Like his near contemporary Philip Larkin, Dick increasingly became obsessed by and wrote about death. Dick wondered what being alive really felt like and whether death would kill that state of consciousness; sometimes he believed that death was merely a transition between states and other times that it was the final destination. Perhaps he hoped it was the former but knew it was the latter. “I’d rather be a living dog, than a dead science fiction writer,” he once said. Electric Sheep explores various aspects of dying and consciousness and asks if it is possible to be a good person whose job it is to track down and kill sentient creatures who just want to be left alone.

Dick’s death obsession began early. Born in Chicago in 1928, his twin sister Jane Charlotte Dick died when he was only a few weeks old. All his life Dick felt Jane’s absence and her loss is frequently referenced in his fiction. Jane was buried in a lonely grave in the bleak Colorado plains town of Fort Morgan with, morbidly, a space left on the headstone for baby Phil. The grave awaited Dick for five decades and when he died in 1982 sure enough the twins were reunited in death. In middle age, after years of amphetamine abuse, Dick even flirted with the idea that in a parallel universe he was the one that had died and Jane had survived – he was already buried in the grim Fort Morgan cemetery, next to Interstate 76, and Jane was the science fiction writer living in California. (This idea was further developed in the playful novel Bad Monkeys by Matt Ruff.)

In our universe, after Jane’s death, Dick and his family migrated to the San Francisco Bay Area. He went to the same high school as Ursula Le Guin and after a brief period at UC Berkeley he dropped out and quickly began selling science fiction stories to magazines and newspapers. Dick’s adult life was fragmented to say the least. He moved often, was married five times and even though he wrote constantly he was not good at keeping money. His default paranoia was exacerbated by his experiments with drugs, his dealings with local street thugs, and his anti-government activities during the Nixon era.
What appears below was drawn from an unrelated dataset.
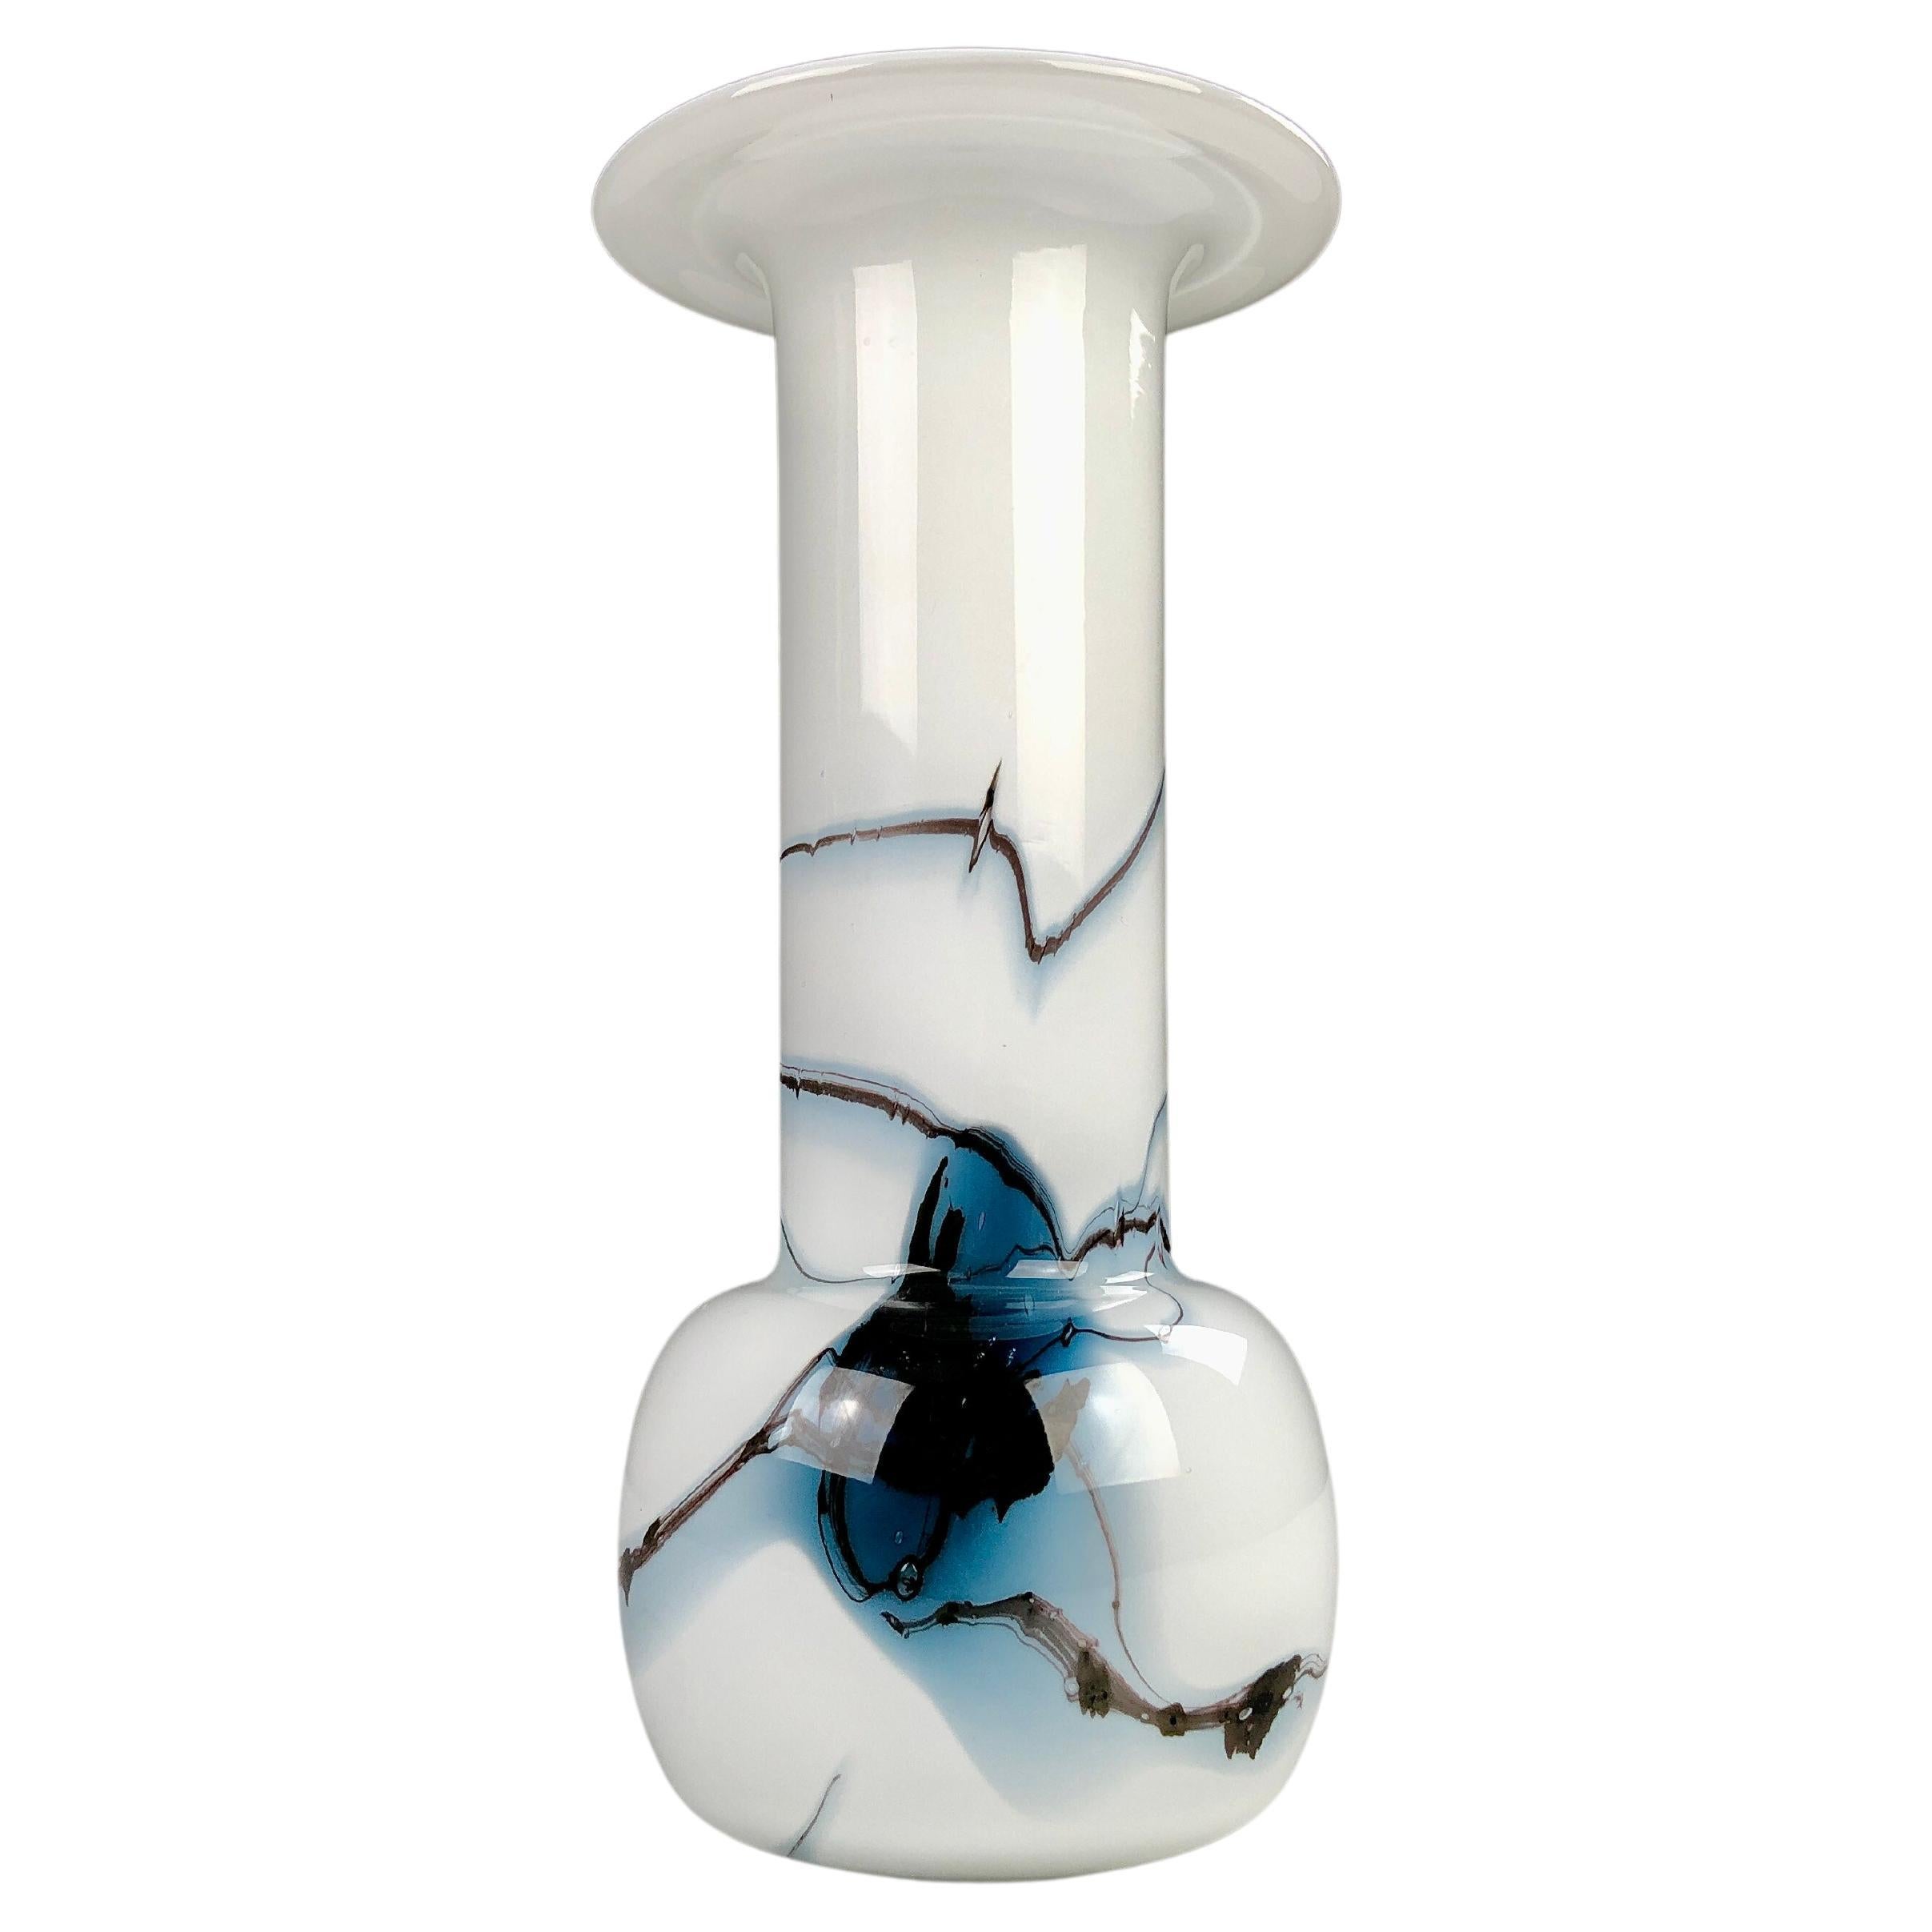 1980s Danish Glass Vase / Candle Holder by Michael Bang for Holmegaard

Many of Philip K Dick’s stories were written hastily under the influence of speed and are of dubious quality, but the books that he took trouble over – Electric Sheep, The Man In The High Castle, A Scanner Darkly, Ubik, Flow My Tears The Policeman Said – are all well-crafted novels often with a cop protagonist.

Dick’s final years were spent in an increasingly eccentric investigation of the true nature of God and the cosmos. In a March 02 1980 diary entry, Dick predicted that because he was close to uncovering the secrets of the universe, God would pull the plug on this version of Philip K Dick; two years later, on March 02 1982, the plug was literally pulled on a brain-dead Dick as he lay in a hospital after a stroke.
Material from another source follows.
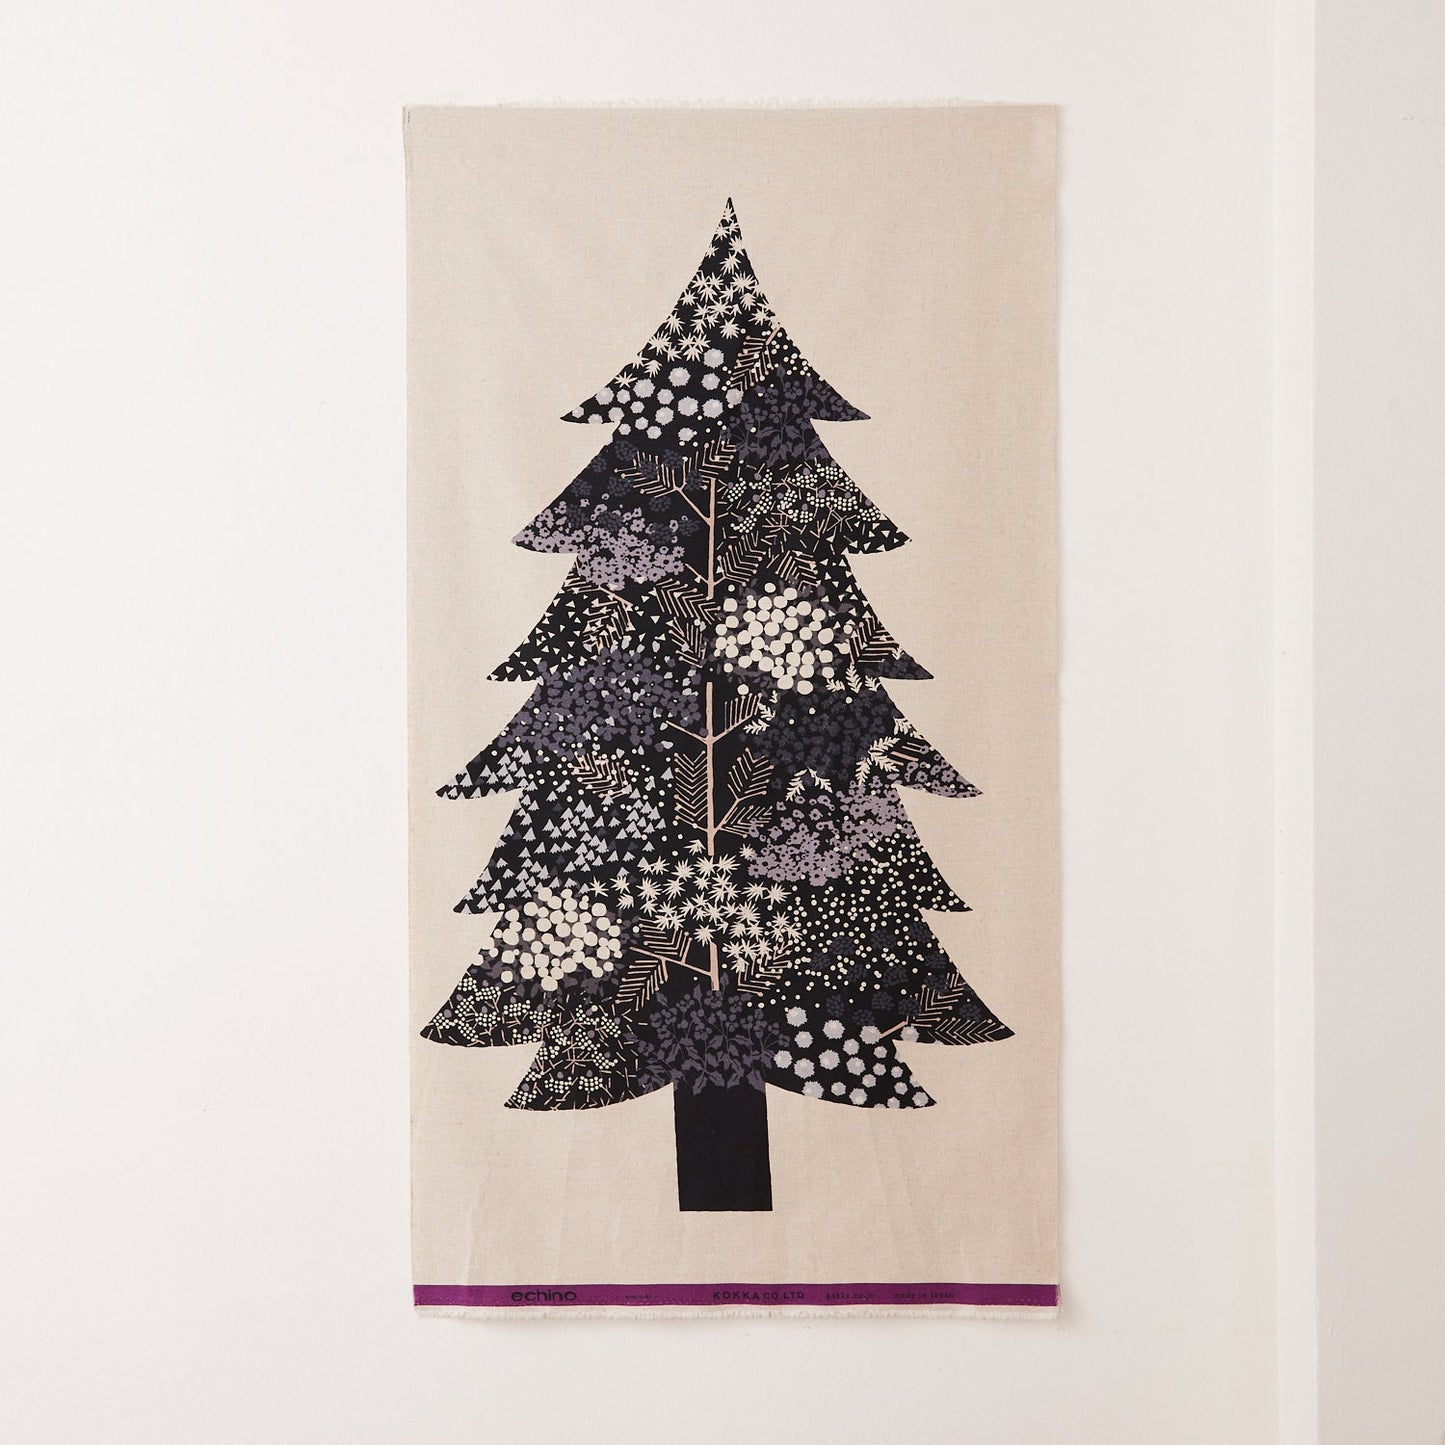 echino Christmas Tree mominoki Tapestry EKX-98040-40

No one would argue that Dick was a great stylist or an inventor of an American idiom, like, say, Hammett, but he was the creator of brilliant concepts and visions that were uncannily ahead of their time. Philip K Dick’s paranoid world view distrustful of government, computers, purveyors of information and even our own inner view of reality seems radically in step with our contemporary world. Lovers of big concept science fiction will enjoy Dick’s better novels and will judge him not by his prose but by his gift for originality and his ability to convey extraordinarily prescient ideas in even more extraordinary worlds.